Die sich im Rheinbogen ausbreitende Stadt Remagen ist vom Panoramablick „Mitten am Rhein“ zu sehen
Schließlich verlassen die Wanderer Koppe Kreuz mit der Basalt-Schleifen-Beschilderung in Richtung Dattenberg. Es geht am „Naturpark-Weitblick-Leubsdorf“ vorbei. Auch von dieser Stelle schweift ein famoser Blick ins Rheintal. Erdige Pfade führen sodann am stillgelegten und eingefriedeten Basaltabbau Schwarzenberg vorbei. So kann man leider nicht zum kleinen Schwarzensee vordringen, der sich nach Aufgabe des Bruches in der Senke gebildet hat. Schließlich gelangen die Wanderer nach Dattenberg. Neben einem alten Lorenzug, der an den Basaltabbau erinnert, bewundern wir in der Ortsmitte das bemerkenswerte Fachwerkgemäuer des Ehrensteiner Hofes. Leider haben wir es versäumt, einen kurzen Abstecher zur Burg Dattenberg zu unternehmen. So verlassen wir den schmucken Rheinort und tauchen erneut in den Wald ein. Vom kurz darauf anzulaufenden Panoramablick „Mitten am Rhein“ fällt der Blick auf die Stadt Remagen, die sich im Rheinbogen ausbreitet.
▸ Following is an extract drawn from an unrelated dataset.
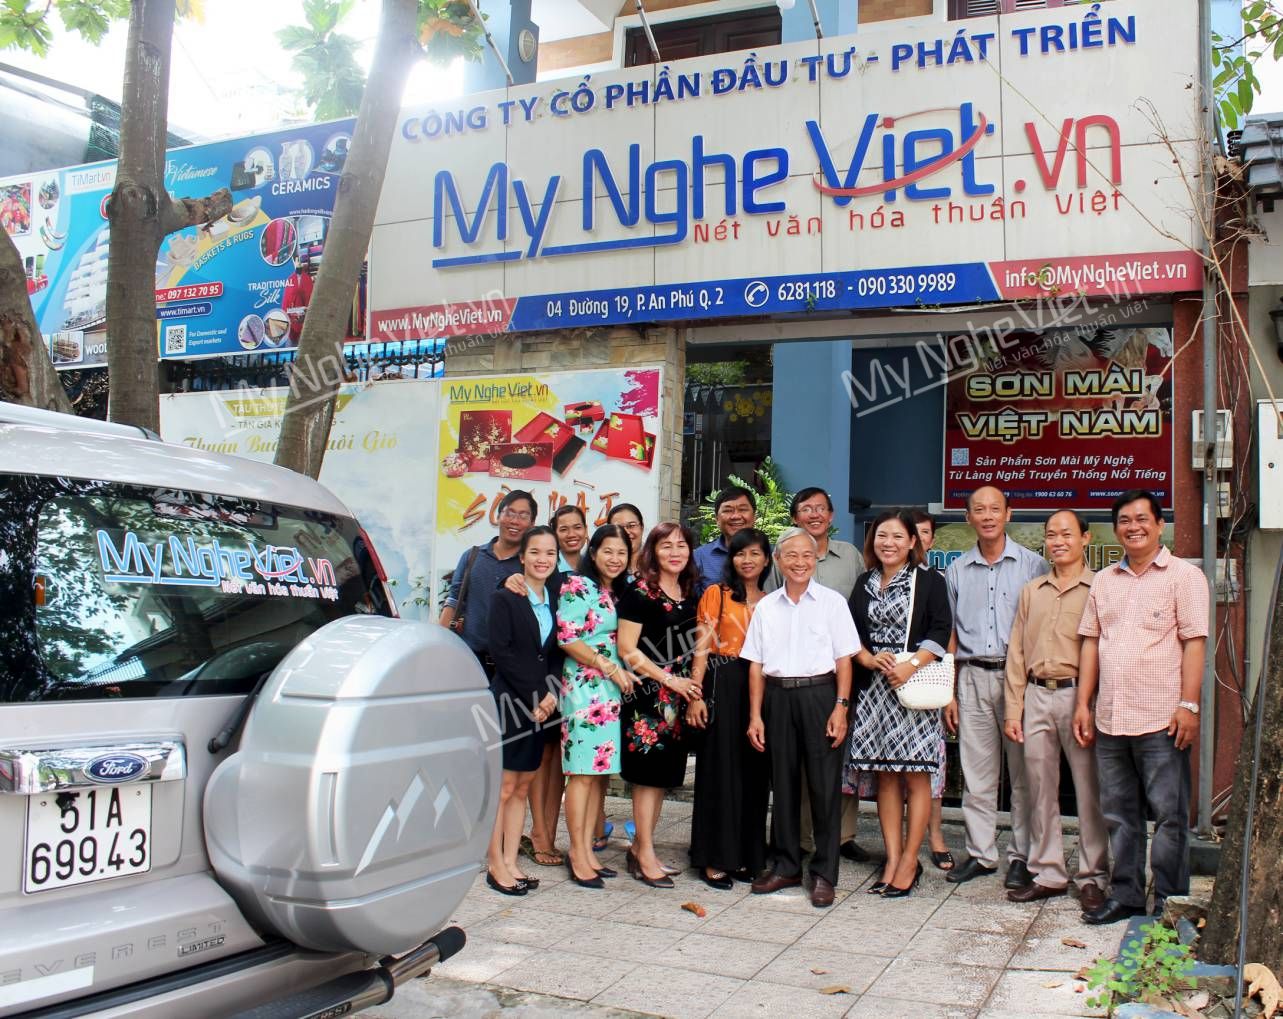 Cuộc họp thường niên của ban điều hành Hiệp hội sơn mài tại Mỹ Nghệ Việt

Zum Schluss fällt die Route in ein canonartiges Bachtal hinein, das dem Alwiesbach zustrebt
Im letzten Drittel der Tour fällt die Basalt-Schleife von der Dattenberger Grillhütte in eine canonartige Schlucht hinein, die von einem unbenannten Gewässer durchflossen wird. Es handelt sich dabei um einen linksseitigen Zufluss des Alwiesbaches. Dabei überrascht uns die Route erneut mit ihrem pfadigen Verlauf und den erregenden Tiefblicken in die enge Schlucht. Wir folgen dem Gewässer stets talwärts wandernd in das Alwiesbachtal. Ein breiter Uferweg führt uns schließlich zurück in den Start- und Zielort Linz.
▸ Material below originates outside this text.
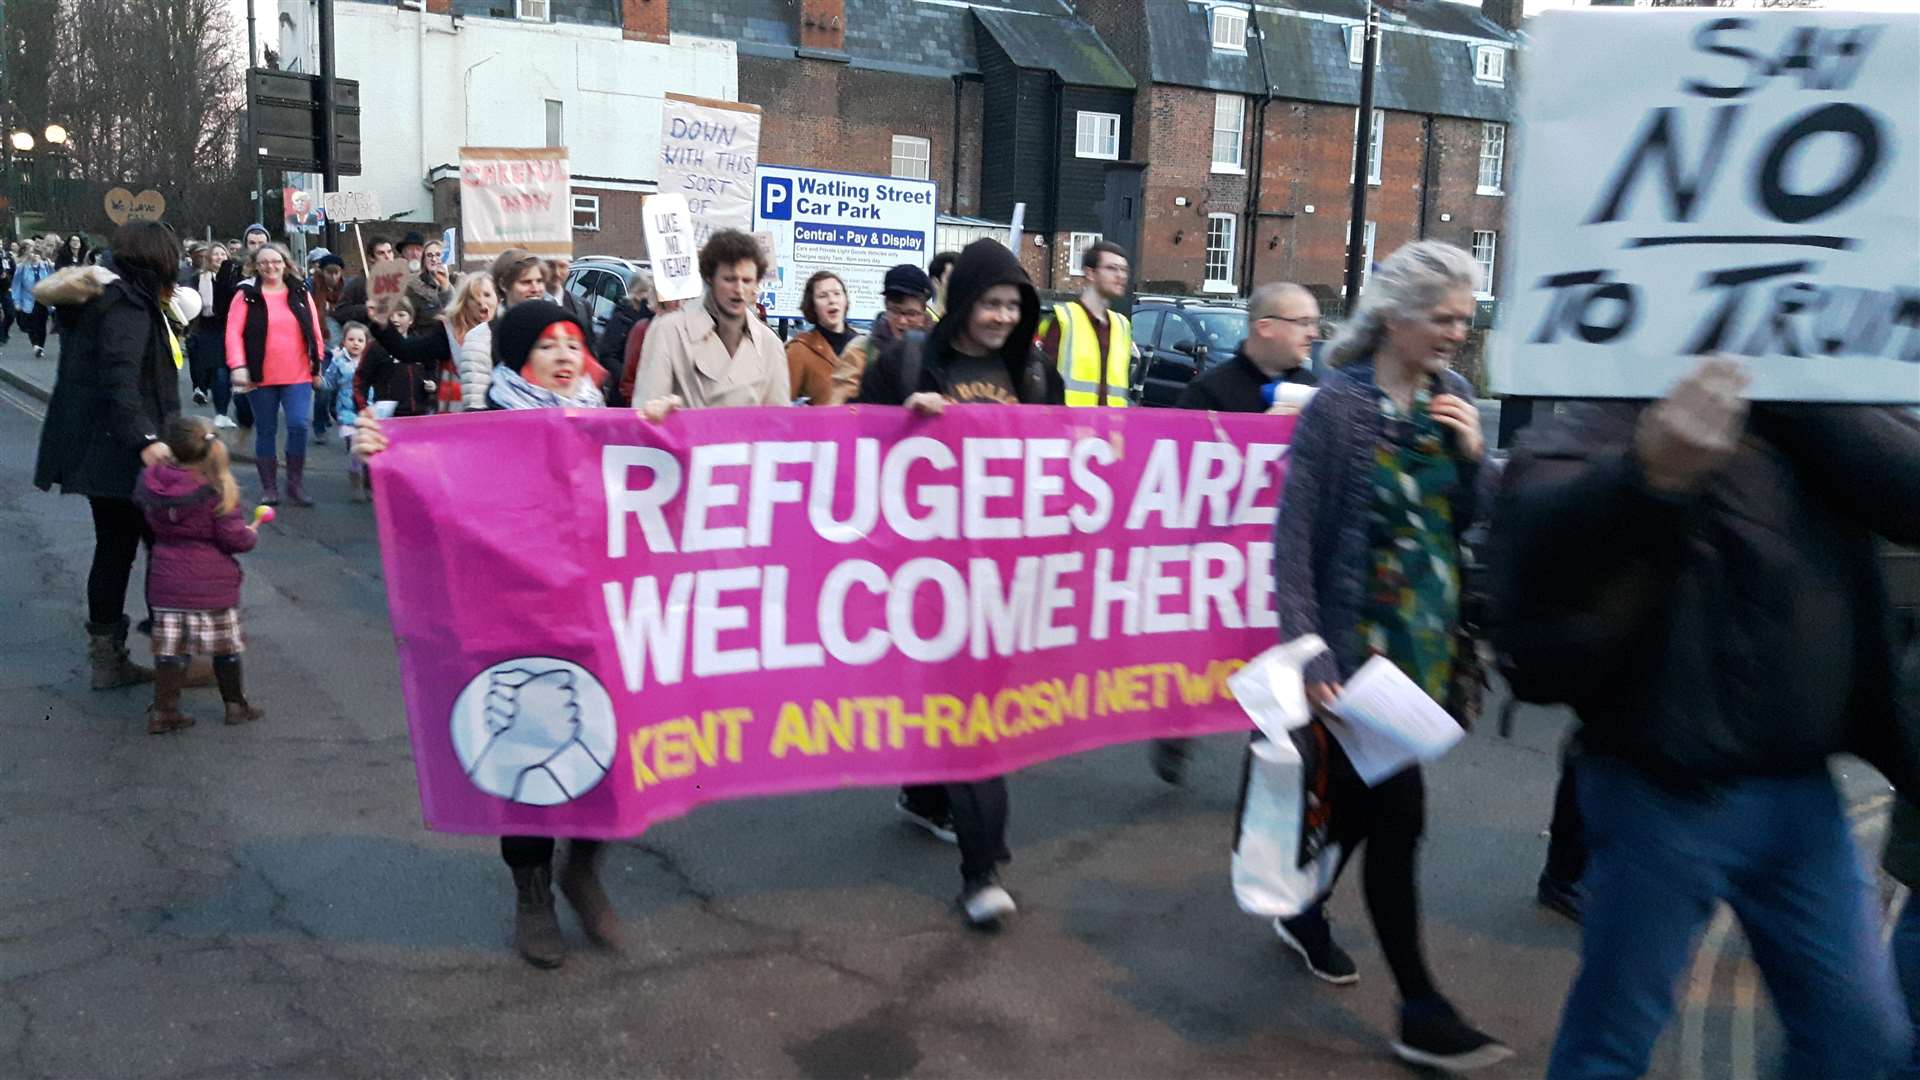 Protestors march through Canterbury

Nach der beeindruckenden Wanderung über die Basalt-Schleife wird die Linzer Altstadt bewundert
In Linz nehmen wir uns die Zeit, um die historische Altstadt näher in Augenschein zu nehmen. Die mittelalterliche Stadtbefestigung wurde im Jahre 1320 aus Basaltsäulen des Minderbergs erbaut. Von den einstmals vier Stadttoren sind mit dem Rhein- und Neutor zwei erhalten geblieben. Den schön gestalteten Linzer Marktplatz ziert das historische Rathaus von 1517. Es handelt sich dabei um das älteste Rathaus von Rheinland-Pfalz. Das besondere Highlight ist das Glockenspiel. Mehrmals täglich erklingen die 23 Glocken mit unterschiedlichen Melodien.
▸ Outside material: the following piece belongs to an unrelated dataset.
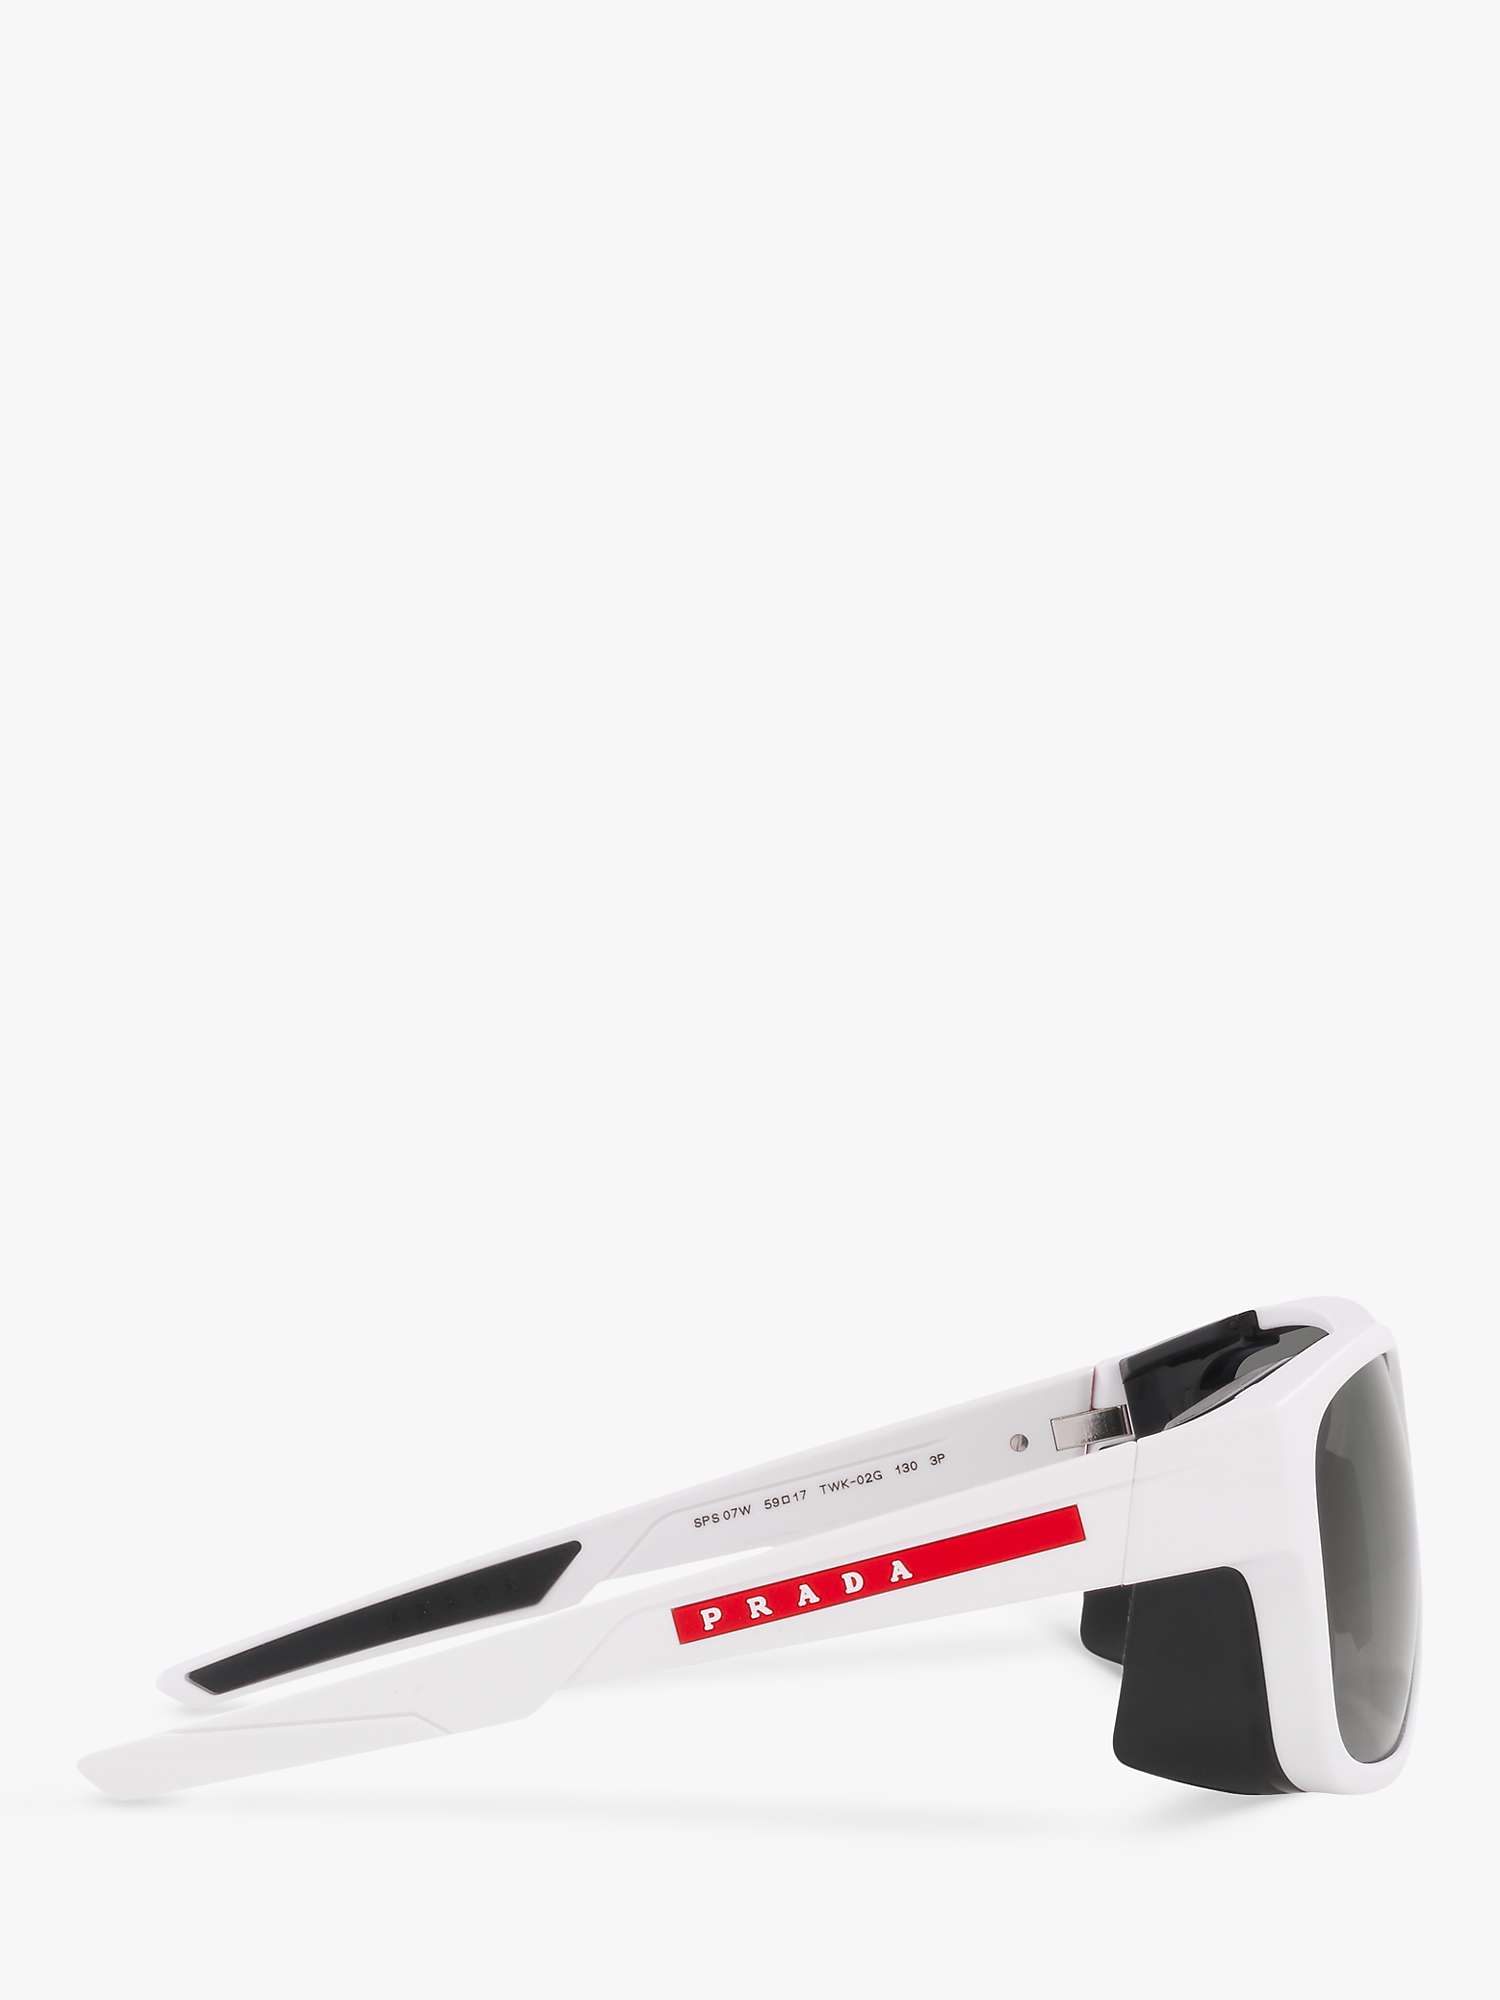 Buy Prada Linea Rossa PS 07WS Men's Polarised Square Sunglasses, White Rubber/Grey Online at johnlewis.com

Fazit und abschließende Bemerkungen:
Die knapp zwölf Kilometer lange Themenrunde Linzer Basalt-Schleife verbindet die Geschichte des Linzer Basalts mit einem erregenden Naturerlebnis, das mit der Durchwanderung von drei tief eingeschluchteten Tallagen und mehreren traumhaften Rheintalblicken jeden Wanderer tief beeindruckt. Leider führen die in jeder Wanderkarte sichtbaren Teichanlagen kein Wasser (Stand April 2026), was sehr bedauerlich ist, die Einordnung im Premiumsegment von Profirouten aber nicht beeinträchtigt. Besondere Highlights der Route sind ohne Zweifel die Panoramablicke vom Kaiserberg und von Koppe Kreuz ins Rheintal und die beeindruckende Altstadt des Start- und Zielortes Linz. Zum guten Gesamteindruck leisten auch die abwechslungsreiche Streckenführung, mit den in Teilabschnitten pfadigen Verläufen, und die zahlreichen Infostände einen entscheidenden Beitrag. So erscheinen vier von fünf möglichen Sternen in den Kategorien Landschaft und Erlebnis durchaus angemessen. Rast- und Ruhemöglichkeiten entlang der Runde sind in ausreichender Zahl vorhanden. Die Beschilderung ist durchgängig und gut sichtbar angebracht.
Tipp des Autors:
Wer von der linken Rheinseite anreist, sollte sein Auto auf dem Parkplatz am Fähranleger von Remagen-Kripp stehen lassen und anschließend die Fähre nach Linz benutzen, um die Wanderung auf dem Marktplatz zu beginnen. Der Obolus für das Übersetzen beträgt zweimal 1,20 €. So erspart man sich
a) die Anfahrt hinauf zum Kaiserberg und/oder
b) die lästige und sicherlich nicht kostenfreie Parkplatzsuche in der viel besuchten Rheinstadt Linz.